To date, few if any reports have been published on the therapeutic management of collaterals in adult patients with congenital heart disease in heart failure (HF). The focus of this article is to provide a pragmatic approach in the assessment of collateral circulation of the patient with HF. By considering the underlying hemodynamics and overall effects of the collateral circulation, we aim to provide a practical tool useful in clinical decision making. The paper highlights mainly the systemic venous to systemic venous collaterals, systemic venous to pulmonary venous (or pulmonary venous atrium) collaterals, and pulmonary arterio-venous malformations.

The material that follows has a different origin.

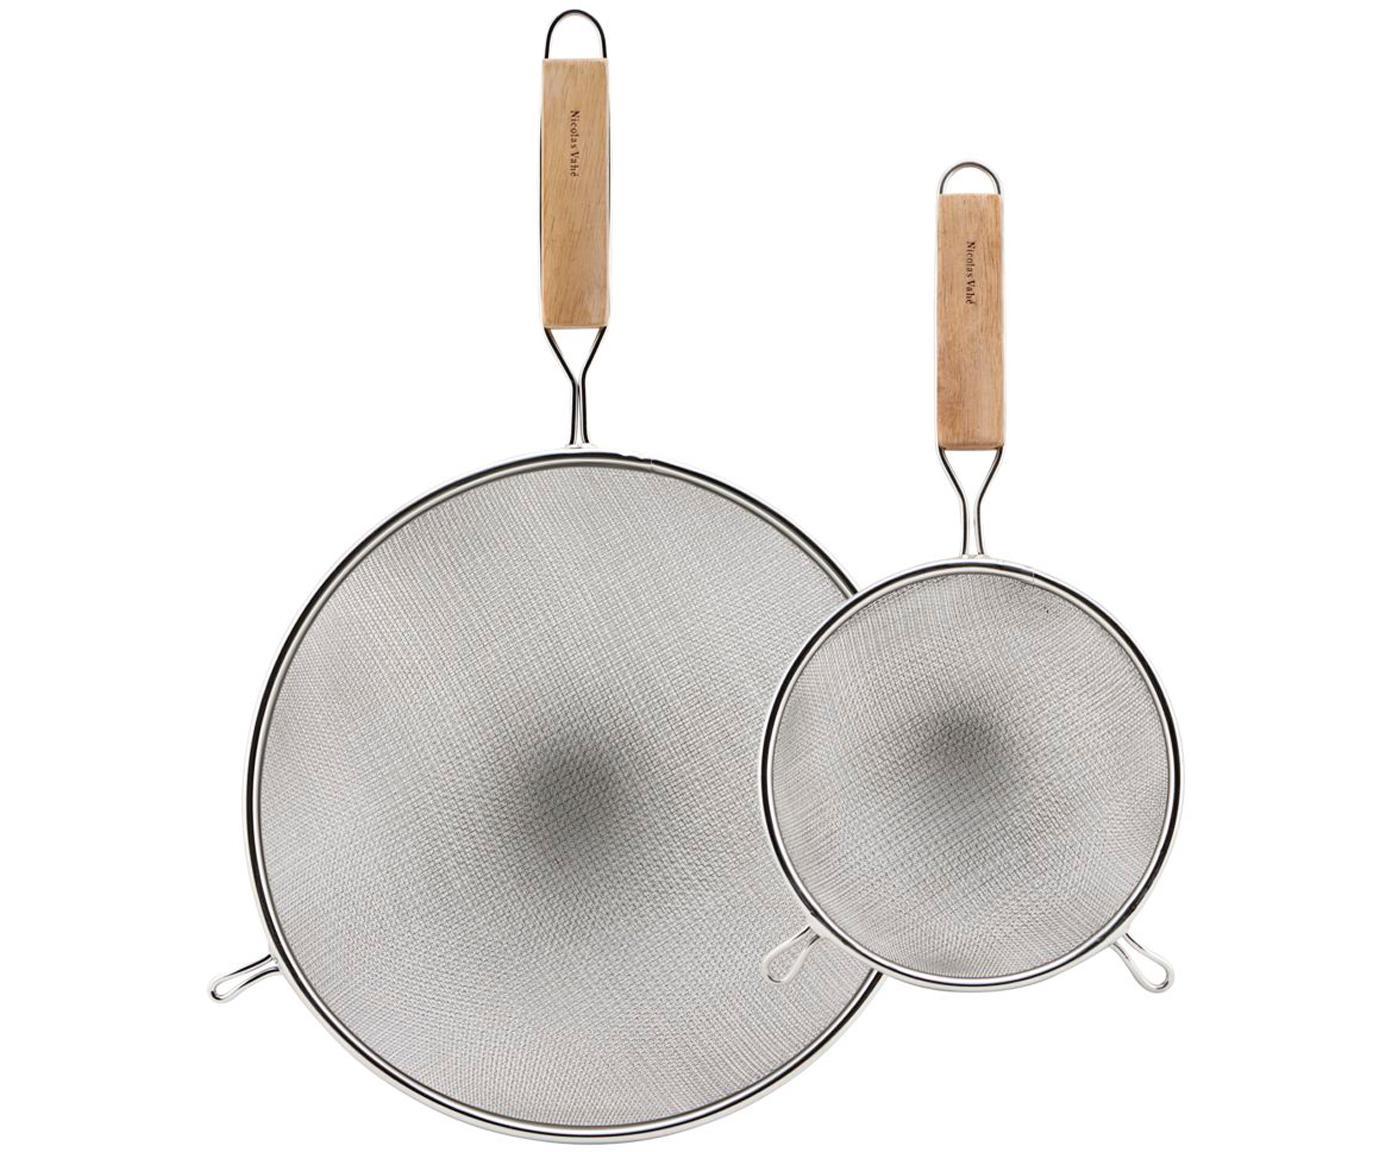 Küchensiebe Paka mit Holzgriff, 2er-Set, Sieb: Edelstahl, Griff: Holz, Edelstahl, Holz, Verschiedene Grössen

Systemic venous anomalies are frequent and reported in 20% to 40% of patients who underwent Glenn or Fontan procedure (1-3). A reduction in effective pulmonary blood flow, coupled with increasing oxygen demands with growth, as well as a pressure difference between the higher pressure caval venous system and lower pressure atria (so called decompressing collaterals) are potential causes of collateral formation. Whether angiogenesis de novo or reappearance of embryological venous channels is responsible for collateral formation remains to be elucidated (1).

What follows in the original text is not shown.